Former Protestant priest preparing to become Catholic priest
Pope Benedict XVI gave permission for diocese to accept Sanders
HOT SPRINGS -- The goal is in sight. Hours of seminary study are winding down. Very soon, George W. Sanders Jr. of Hot Springs hopes to fulfill what he says is his life calling.
He wants to wear the collar of the Roman Catholic priest.
His ordination -- anticipated for fall of 2011 -- will rank as an important event in the history of his parish, St. John the Baptist Church. Parish members have watched his walk in faith over the years. They saw him receive the office of lector in November and they look forward to seeing him receive the office of acolyte in January.
"I think those who know him are just so excited that he is reaching the goal he has wanted to attain," Carolyn Wethington, parish director of religious education, said. "Everybody knows his story and how long it's taken, and his tenacity. Everybody's really excited about it."
Sanders, 54, was a Charismatic Episcopal Church priest for three years. George and his wife, Brenda, converted to Catholicism in 2003. Hot Springs has been their home since 1994. The parish and city are a deep part of their faith walk.
One of the early influences in the decision of George and Brenda Sanders to become Catholic was Father James West, the former pastor at St. John Church. George and Father John first met at a pro-life rally. A solid friendship developed. Father West also had been a convert.
"One of the great things is he (Father West) never condemned us," Sanders said about his and Brenda's journey to Catholicism. "He appreciated us. He told us I will become Catholic; that was after we became close friends and I shared with him my passion and love of the Church."
Sanders, vice president of finance for U.S. Food Service of Little Rock, is attending classes through St. Meinrad School of Theology in St. Meinrad, Ind., once a month. He hopes to become a transitional deacon in 2010 and be ordained a priest in the fall of 2011.
Ordination will cap years of more than seminary studies. Sanders has been visible and active in teaching religious education classes at St. John. The experience got "exciting," as he puts it, by having a group of 30 teenagers. Most ages were 14 and 15. Some had been to Mass every Sunday. Others had never been to Mass. He has done this for the past four to five years.
"He has a lot of knowledge," Wethington said. "He has a lot of compassion. He's very caring. He's very willing to help and share and do whatever he can do to make things work."
Sanders also has worked on parish retreats and with the parish youth group.
Someone talking with Sanders will find out in a few minutes he is eager to share his enthusiasm and love for the Church. His personal story of coming to the Church began with an interest in the writings of the early Church fathers.
"St. Cyprian is my patron saint. He's the one who said, 'Outside the Church there is no salvation,' " he said.

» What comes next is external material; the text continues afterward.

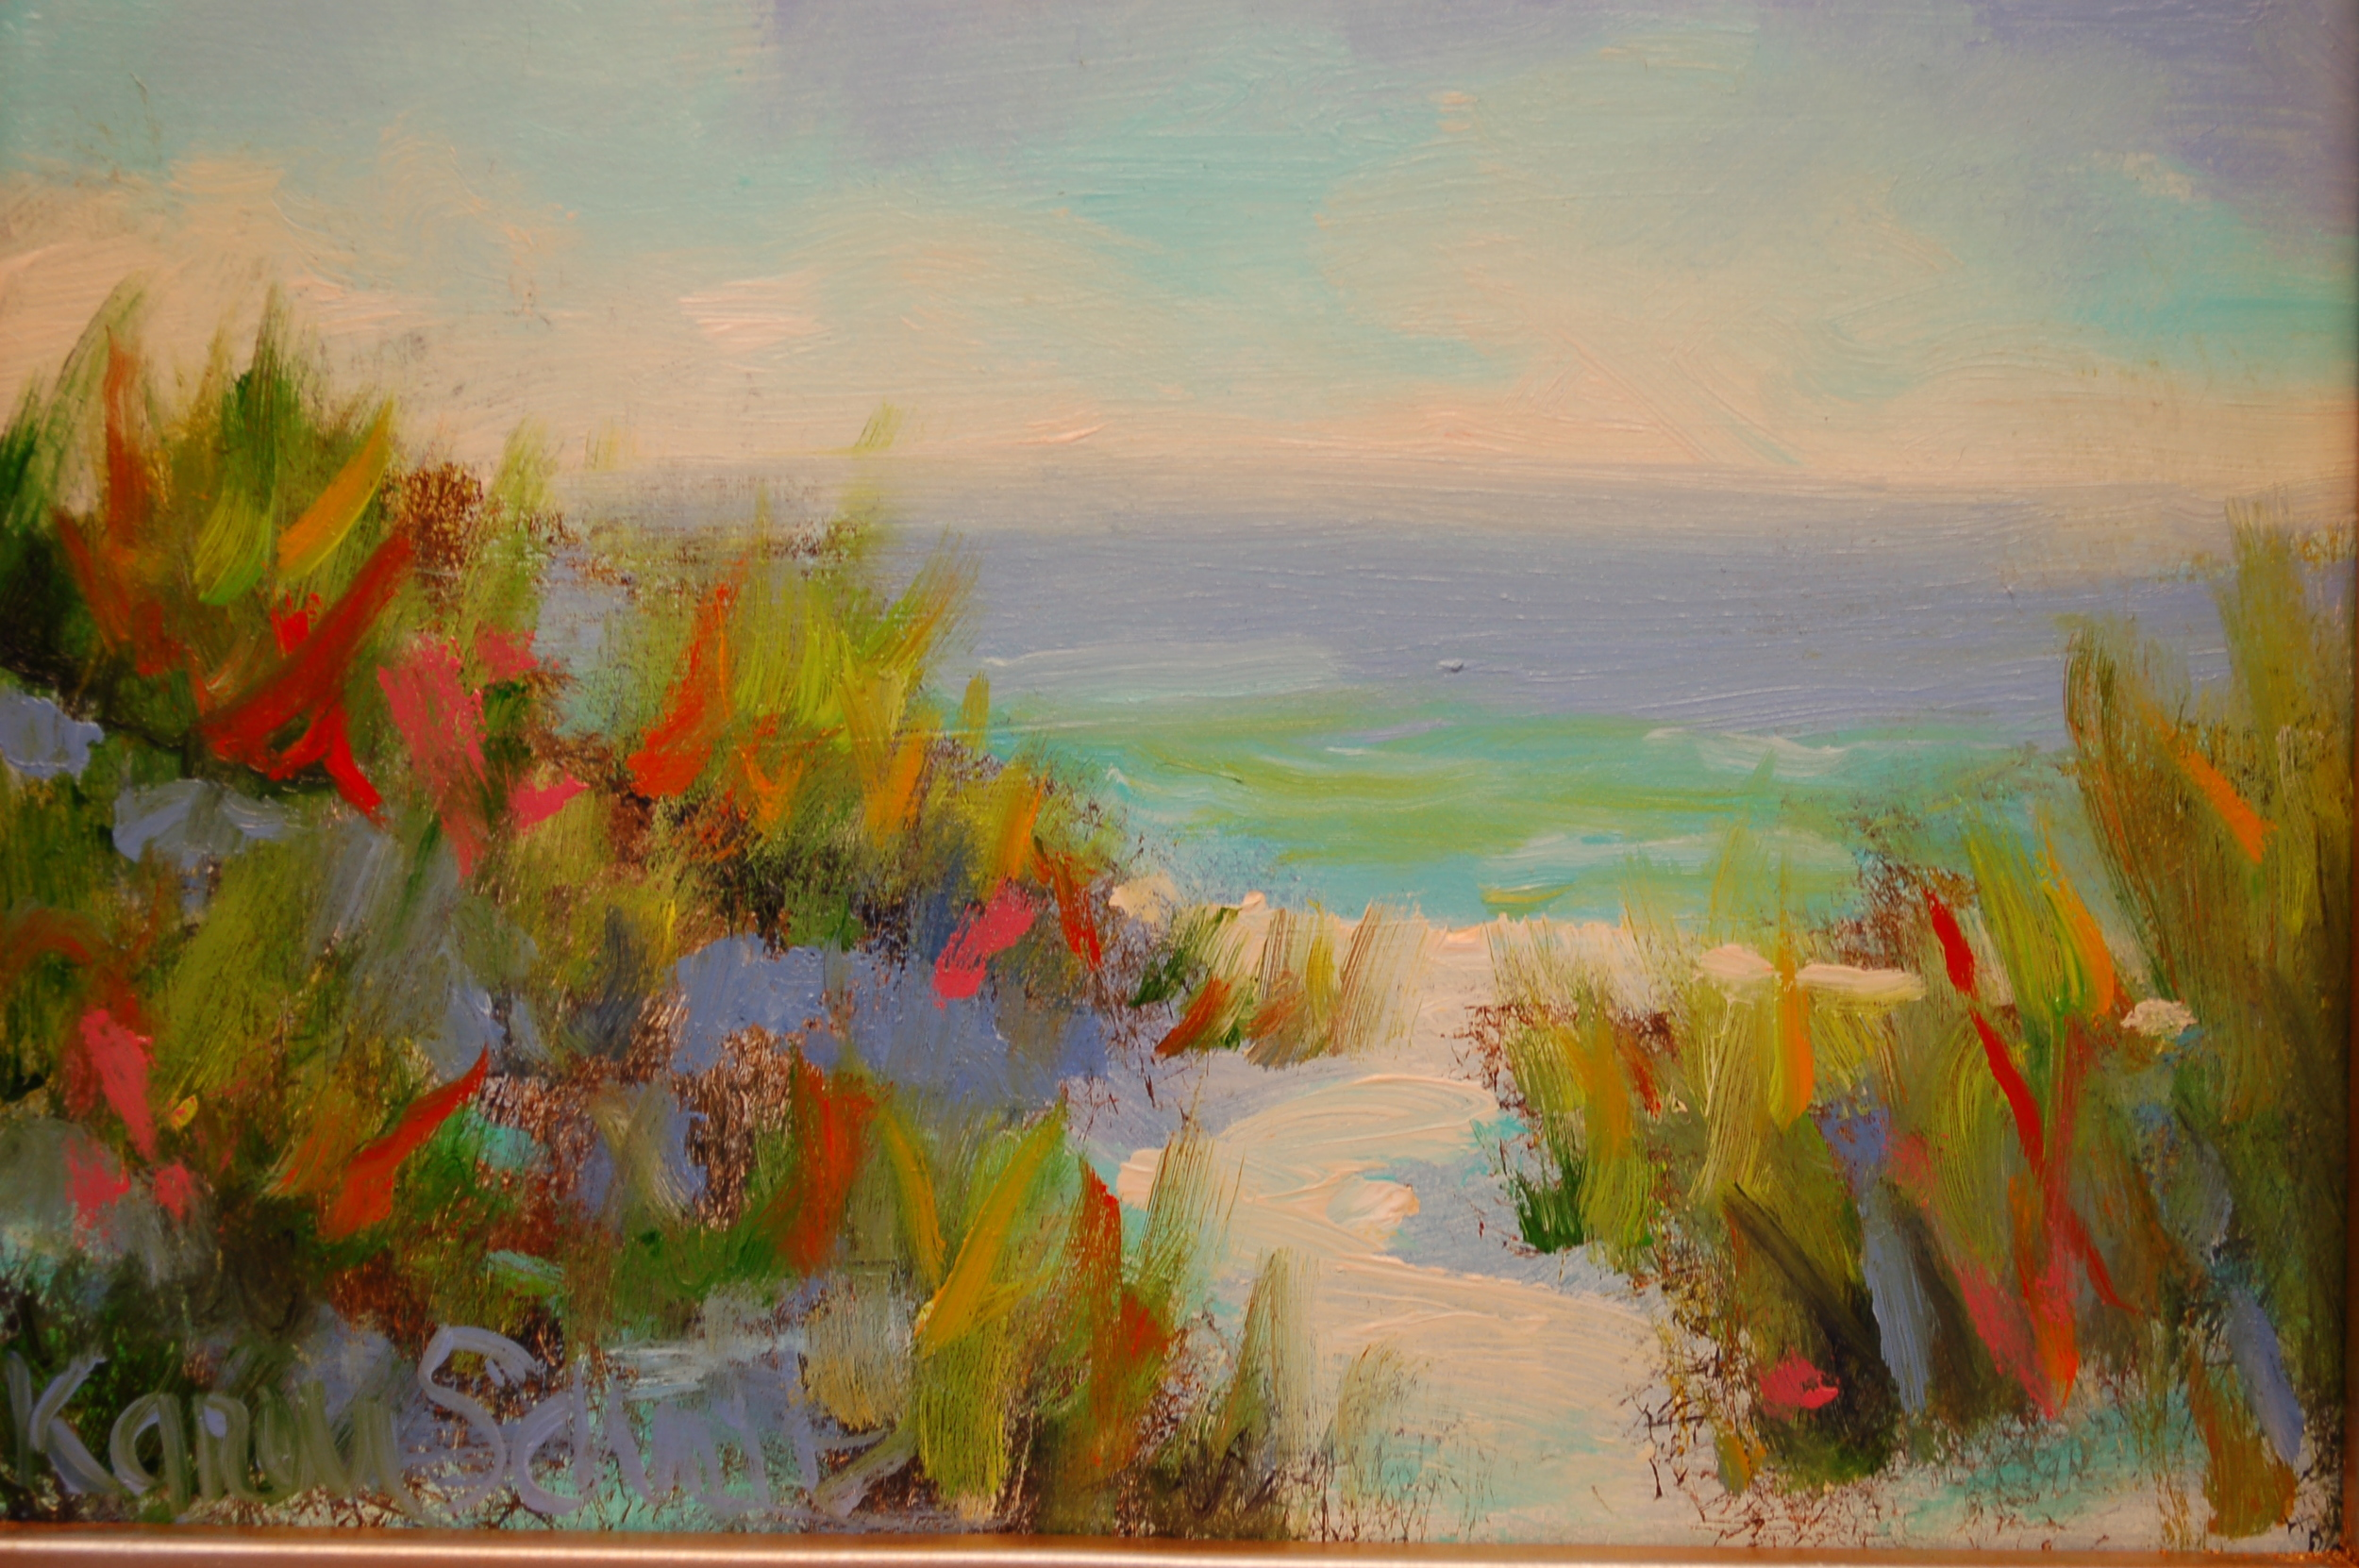 K Schmitz_Another Beach Day_oil on panel_5x7_295.jpg

Sanders has found inspiration in recent years in books by Peter Kreeft, Scott Hahn and the late Cardinal John Henry Newman.

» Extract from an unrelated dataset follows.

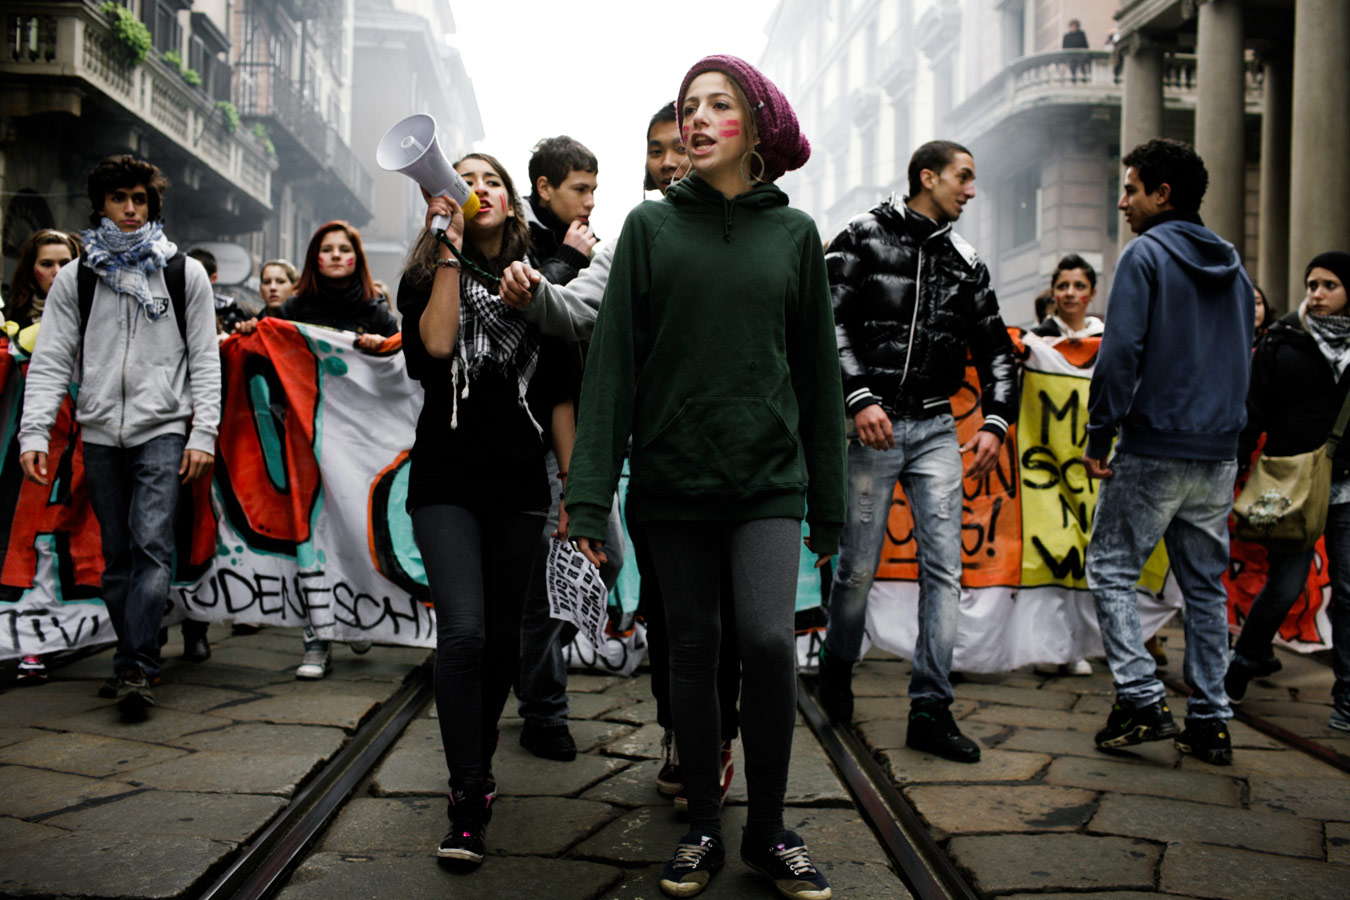 Malta International Photo Award

It's important to point out that the road that Sanders is following to ordination isn't part of the work by Pope Benedict XVI to reach out to Anglican priests, as reported in October.

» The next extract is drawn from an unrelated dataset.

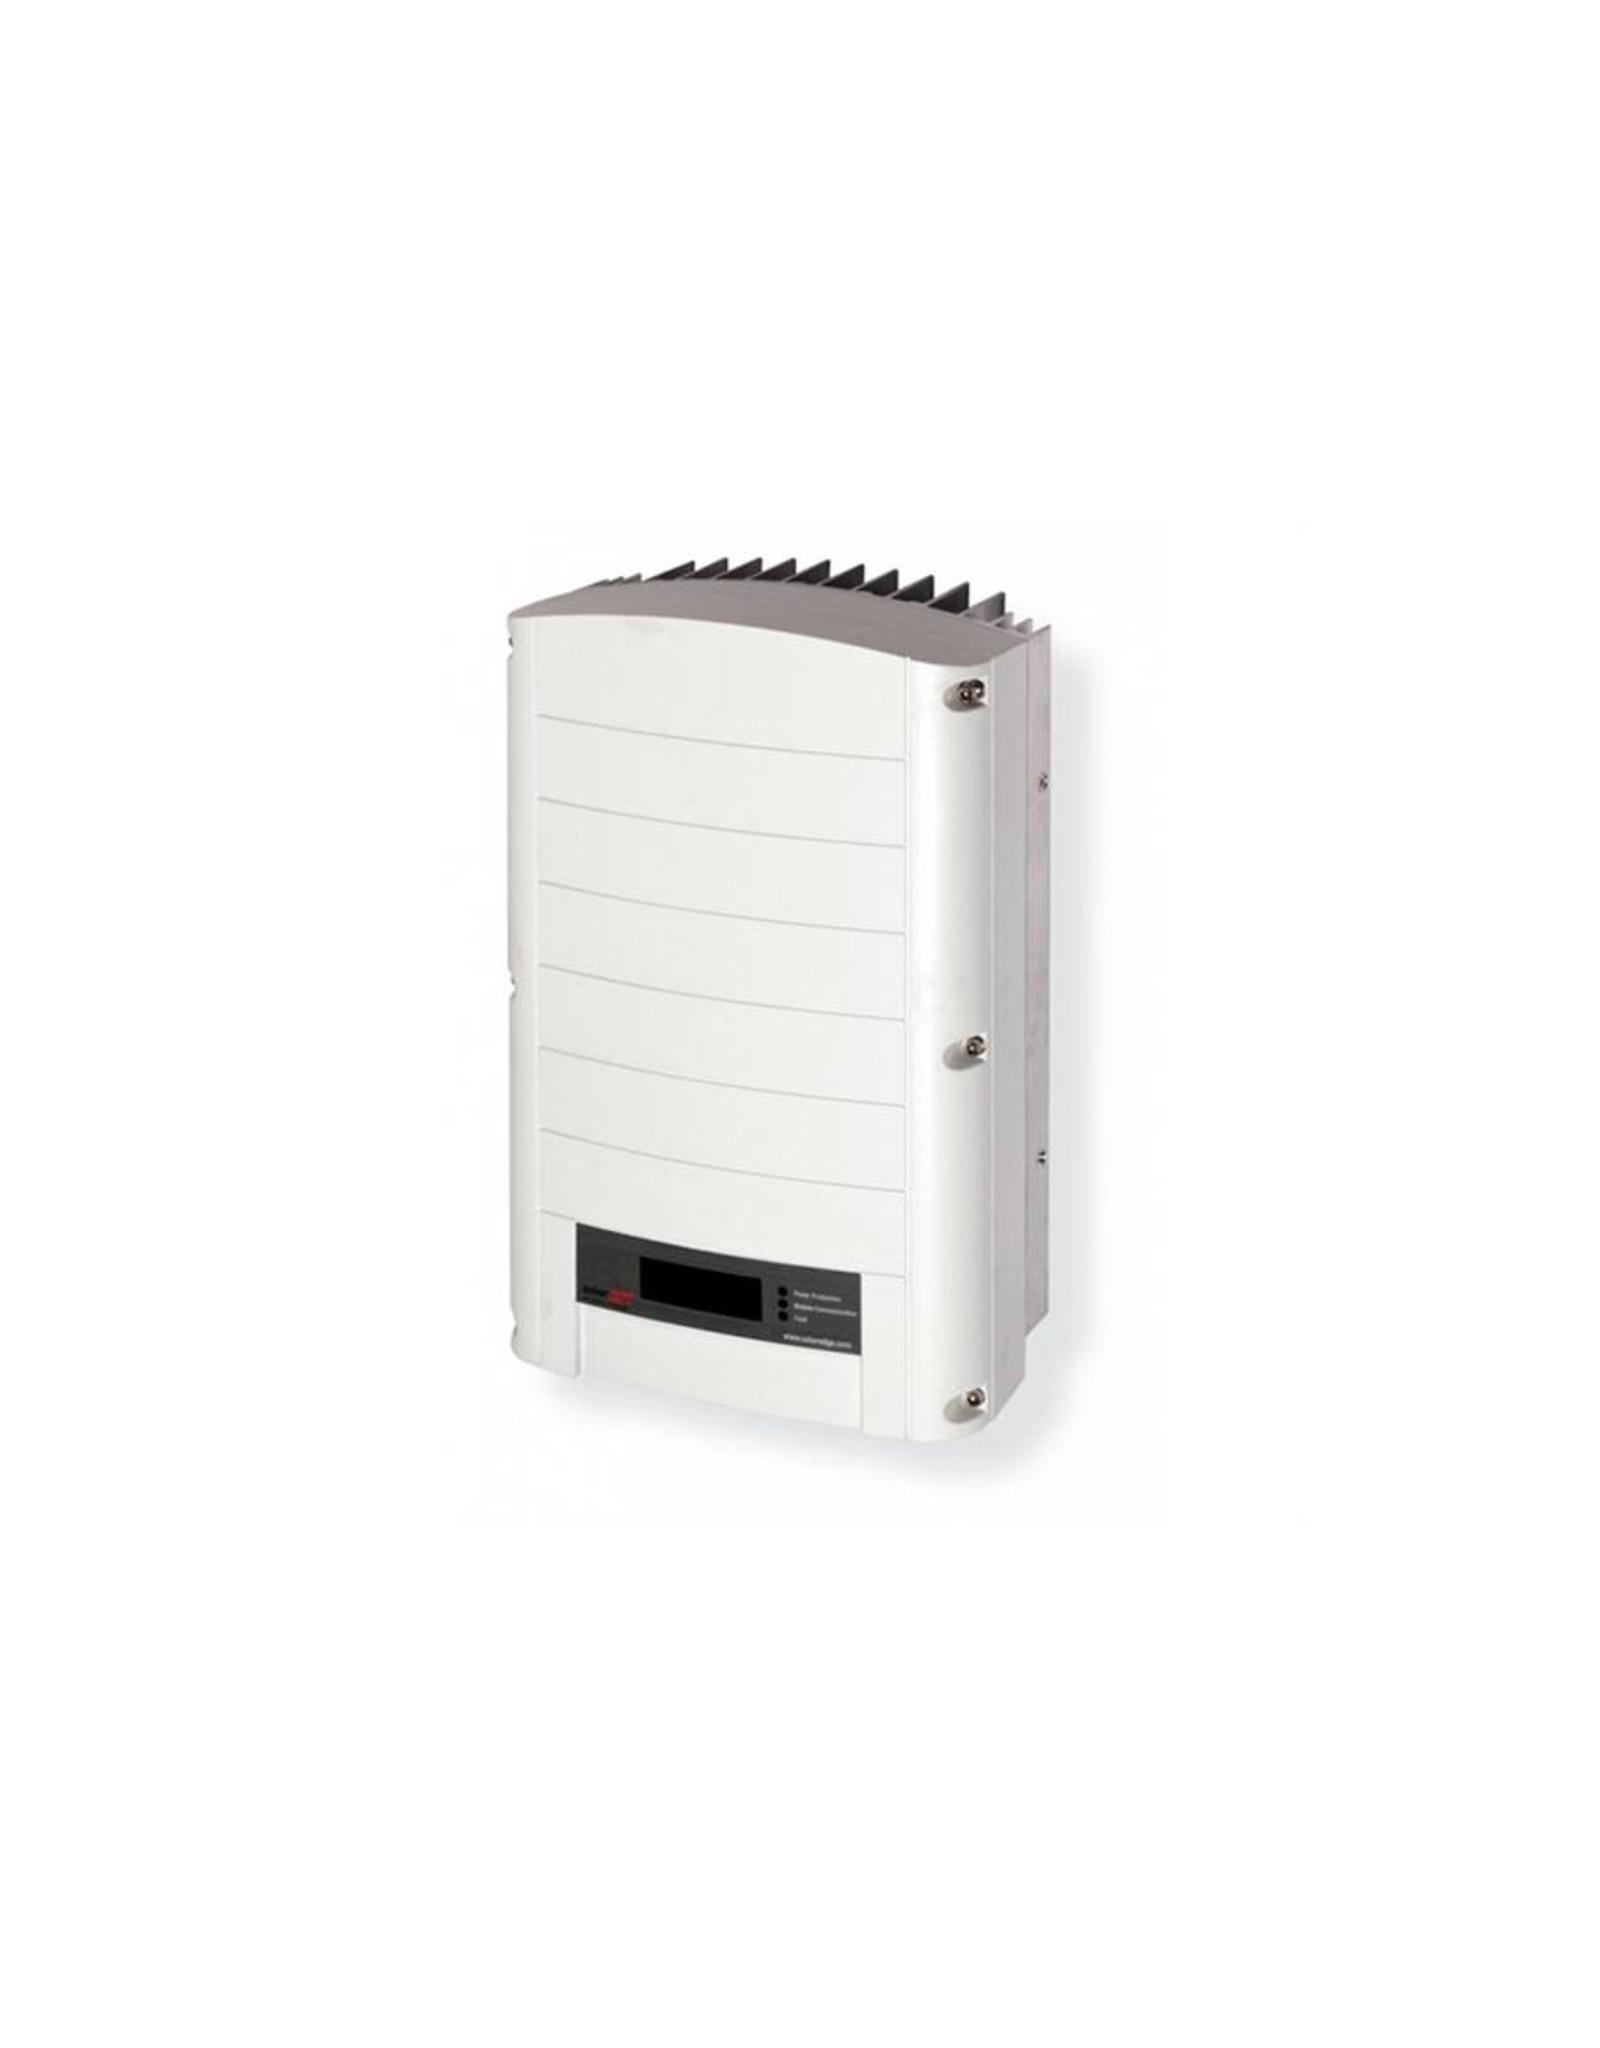 SolarEdge SolarEdge SE33.3K-RW048NNN2 /SE33.3K-RW048NGP2 driefase omvormer 33.3 kW, ethernet / ethernet + gsm

Actually, Sanders' experience is a glimpse into the way that the Church has reached out to those who were pastors in Protestant denominations. And his path is different from the one followed by married and former Episcopal priest, Father Alan Rosenau, an associate pastor of St. John and St. Mary churches in Hot Springs.
Father Rosenau became a Catholic priest in 1988 under the "pastoral provision" of the late Pope John Paul II.
By contrast, Sanders must participate in an "extraordinary process" and one that requires the express signature and permission of the pope himself to proceed to ordination.
Sanders said the "extraordinary process" isn't a change in Vatican policy. Rather, it is an existing process that recognizes that Protestant religions have people who have been called to a religious vocation.
"I want to emphasize that this isn't a process that even if they were baptized Catholic and became an evangelical minister and wanted to become Catholic again, this provision isn't open to them," Sanders said.
Priests who are married cannot serve as the pastor of a church but for the very good reason that they have obligations to marriage.
"It's a grace of the Church," Sanders said.
Married or not, members of St. John are simply thrilled to have a new priest come from their parish.
They know Sanders is going to bring several positive strengths to the job.
"I think compassion will be a big one," said Wethington, who has known Sanders since they were students at University of Central Arkansas in Conway.
"He is very well spoken," she said. "He can stand up in front and teach ... He would be a very good homilist because of the background he's got."